Would you please repeat exactly the entries below, starting at the line with "Lace Valance hanging in kitchen window" and ending at the line with "The cutest mini", and nothing outside that range? Leave out the pictures.

*** Data supplied

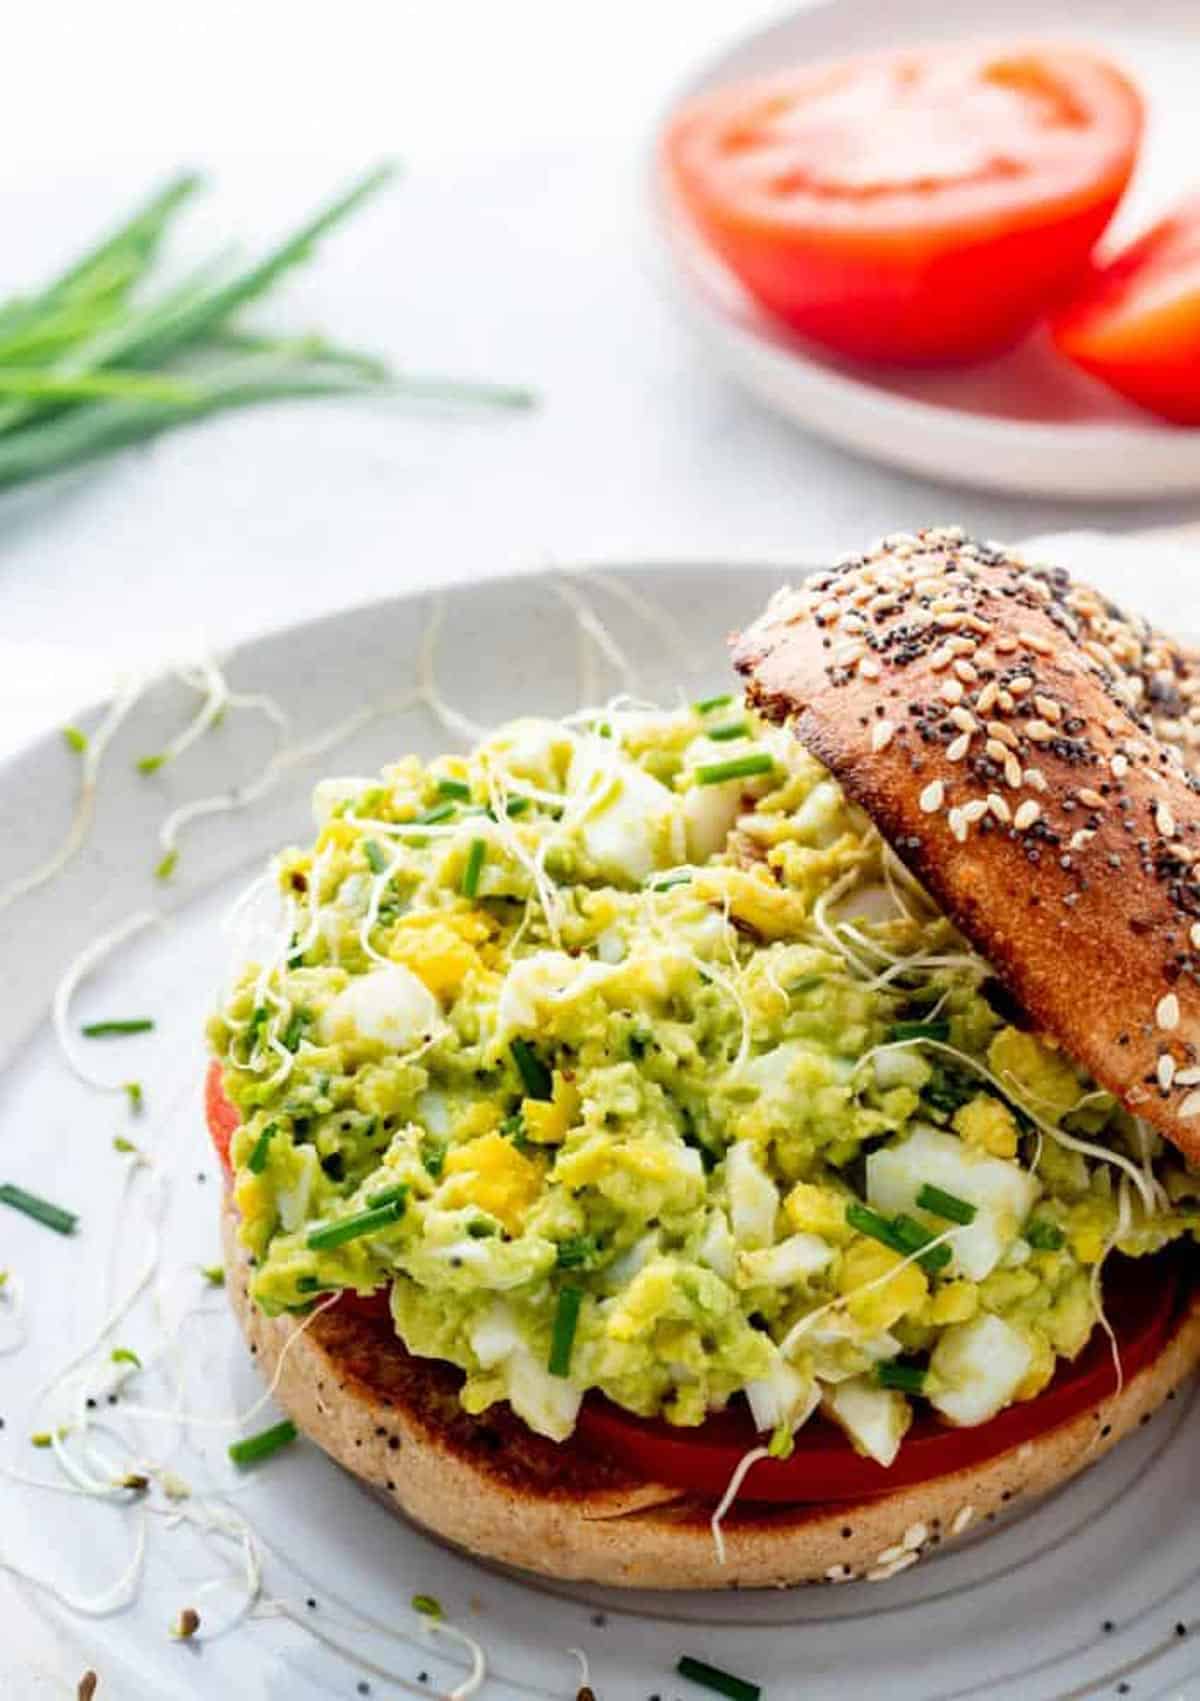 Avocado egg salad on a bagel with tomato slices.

******
*** Data supplied

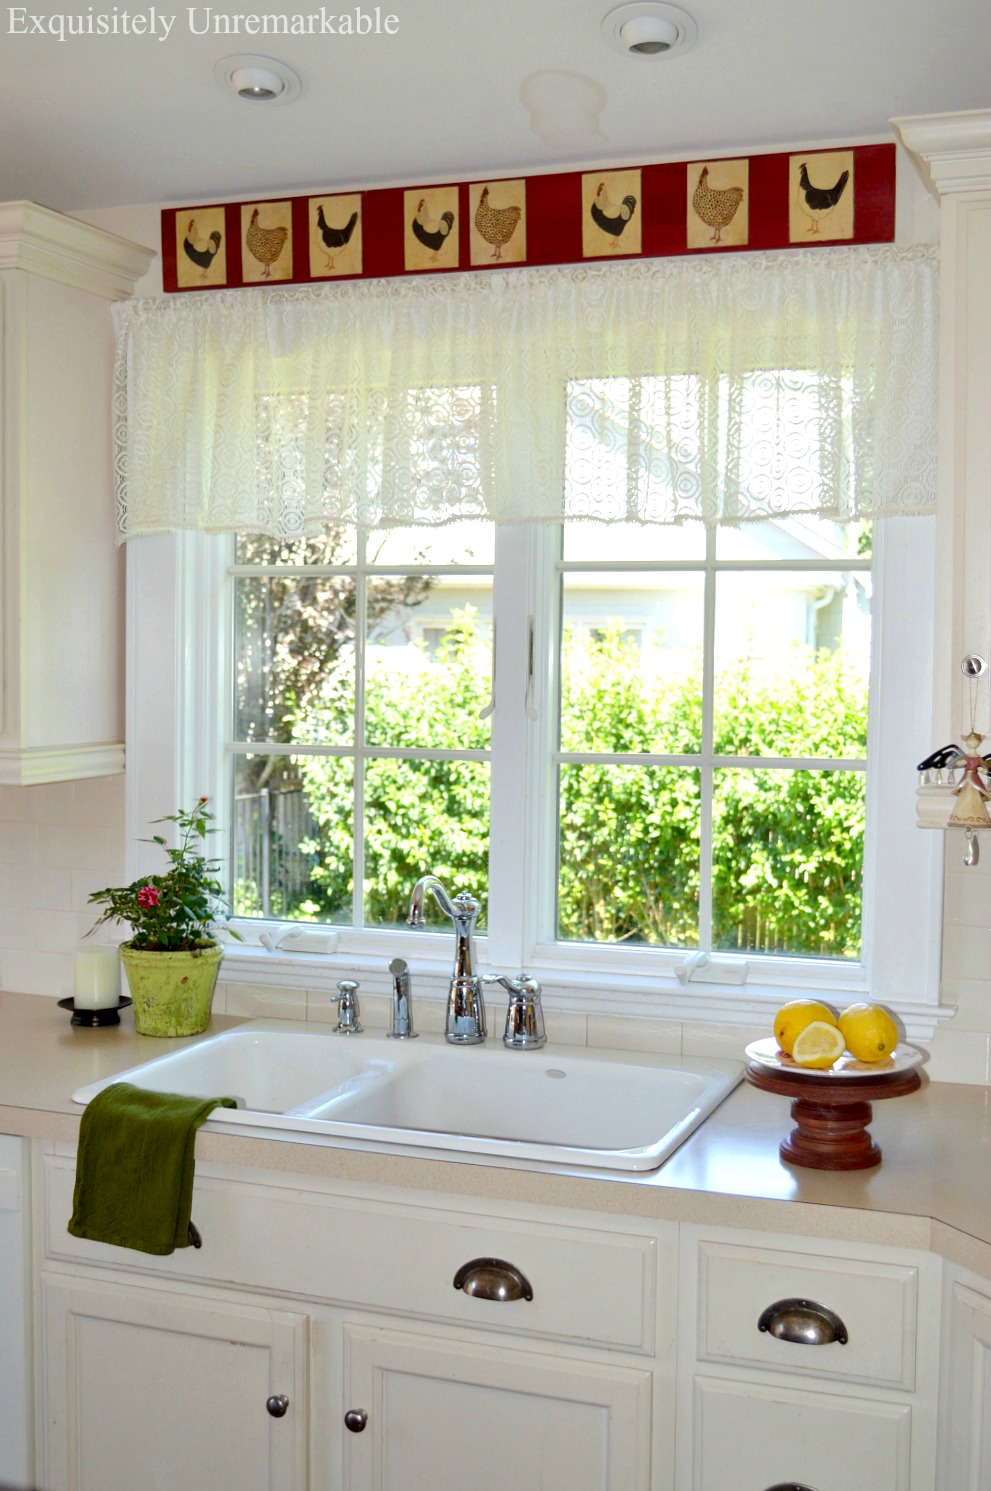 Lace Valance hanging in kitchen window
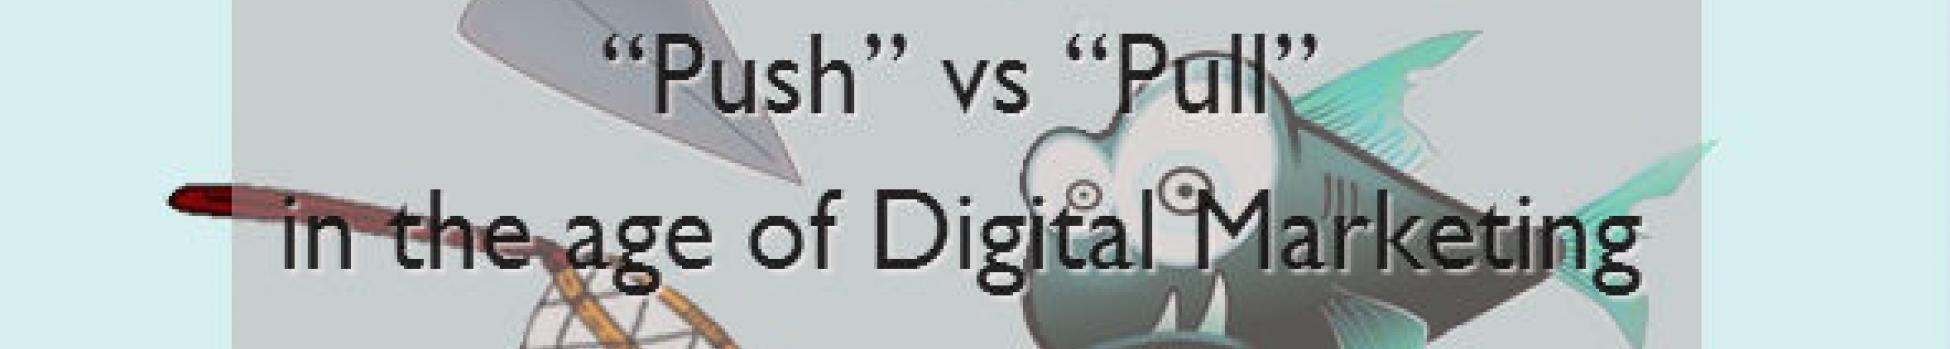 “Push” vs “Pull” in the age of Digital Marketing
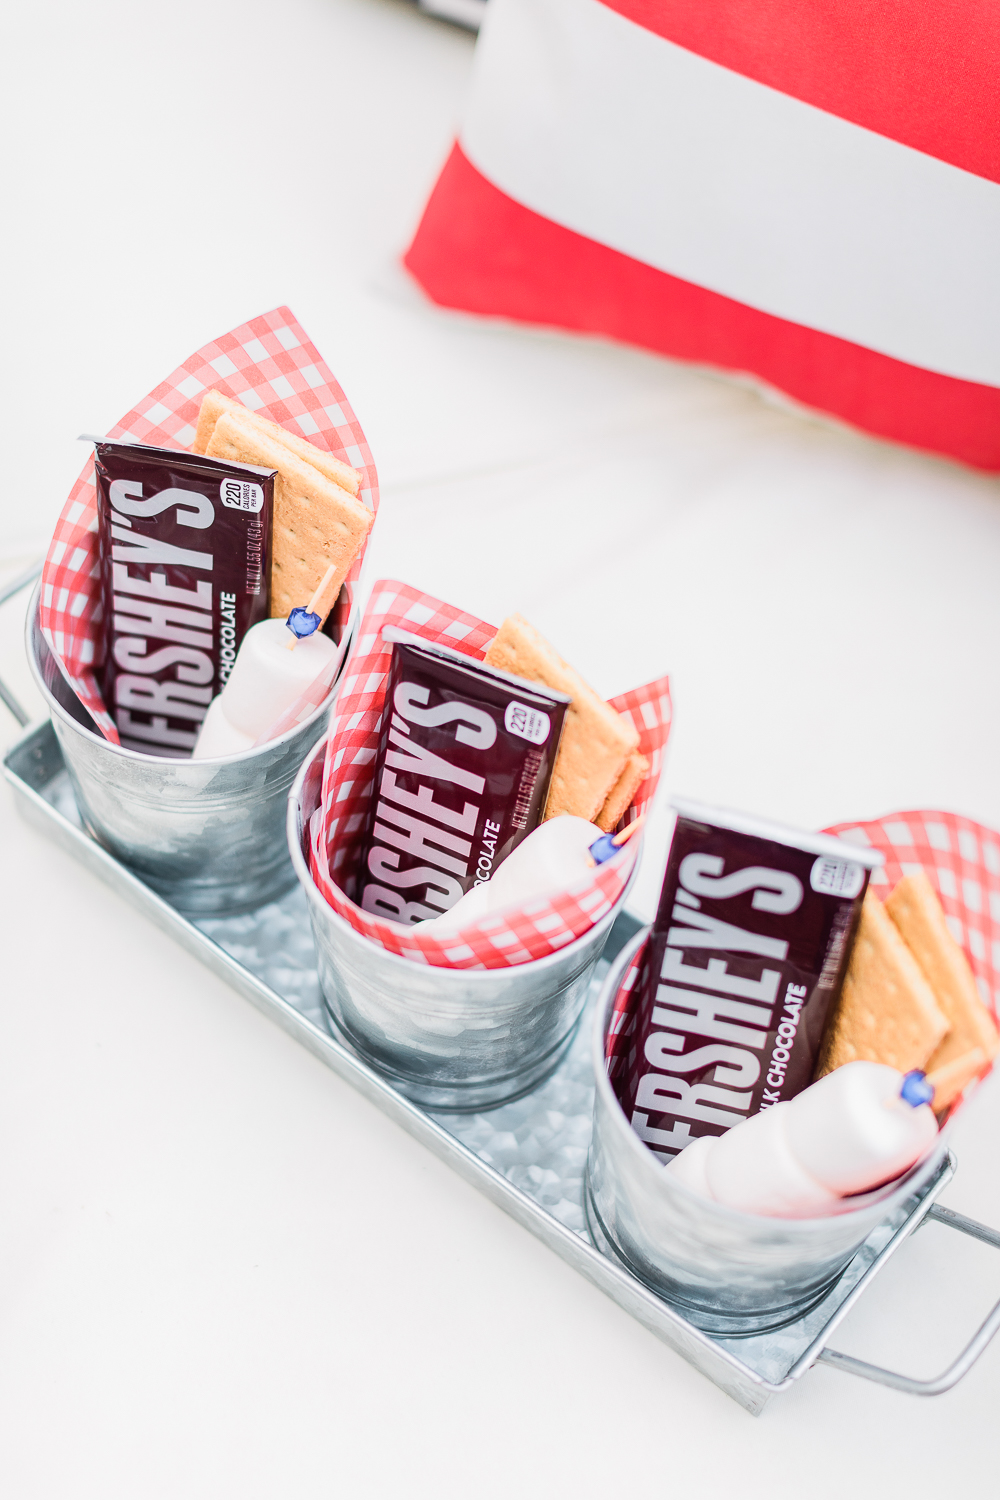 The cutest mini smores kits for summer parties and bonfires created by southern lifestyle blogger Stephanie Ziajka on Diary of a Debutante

******
*** Data supplied

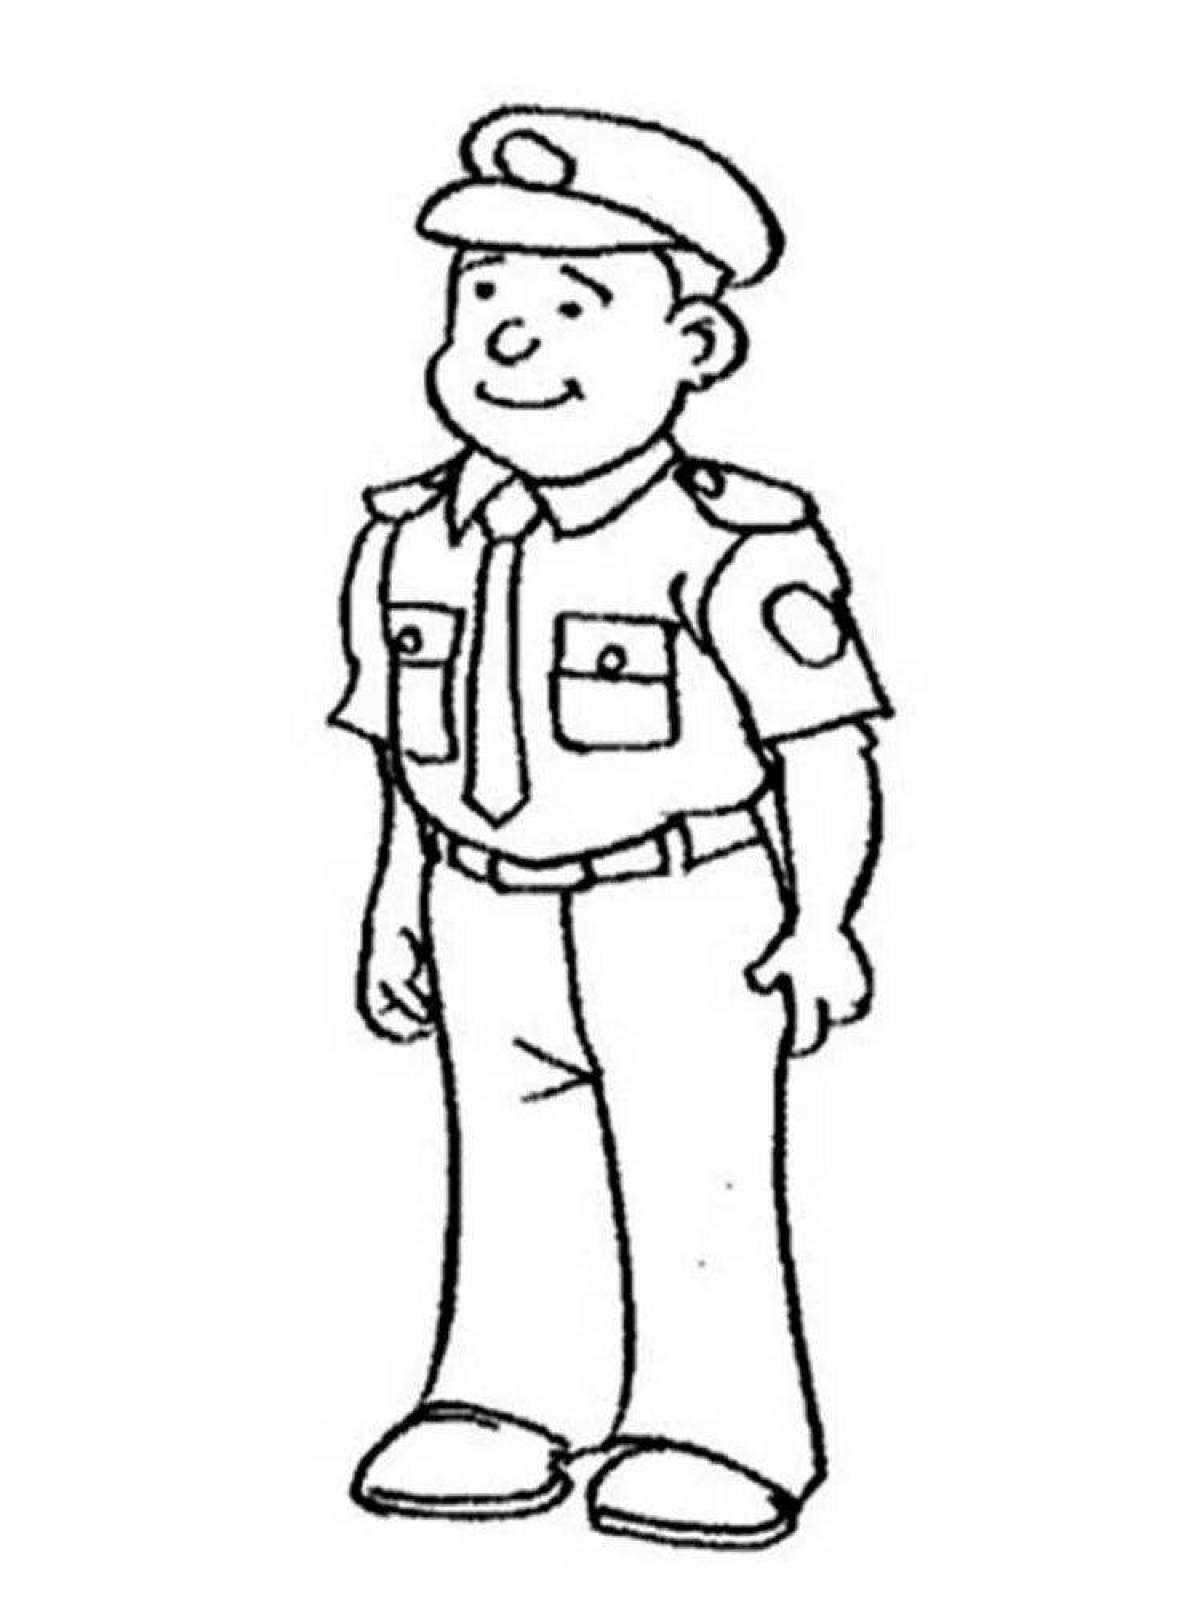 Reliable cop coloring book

******

→ Response area:
 Lace Valance hanging in kitchen window
 “Push” vs “Pull” in the age of Digital Marketing
 The cutest mini smores kits for summer parties and bonfires created by southern lifestyle blogger Stephanie Ziajka on Diary of a Debutante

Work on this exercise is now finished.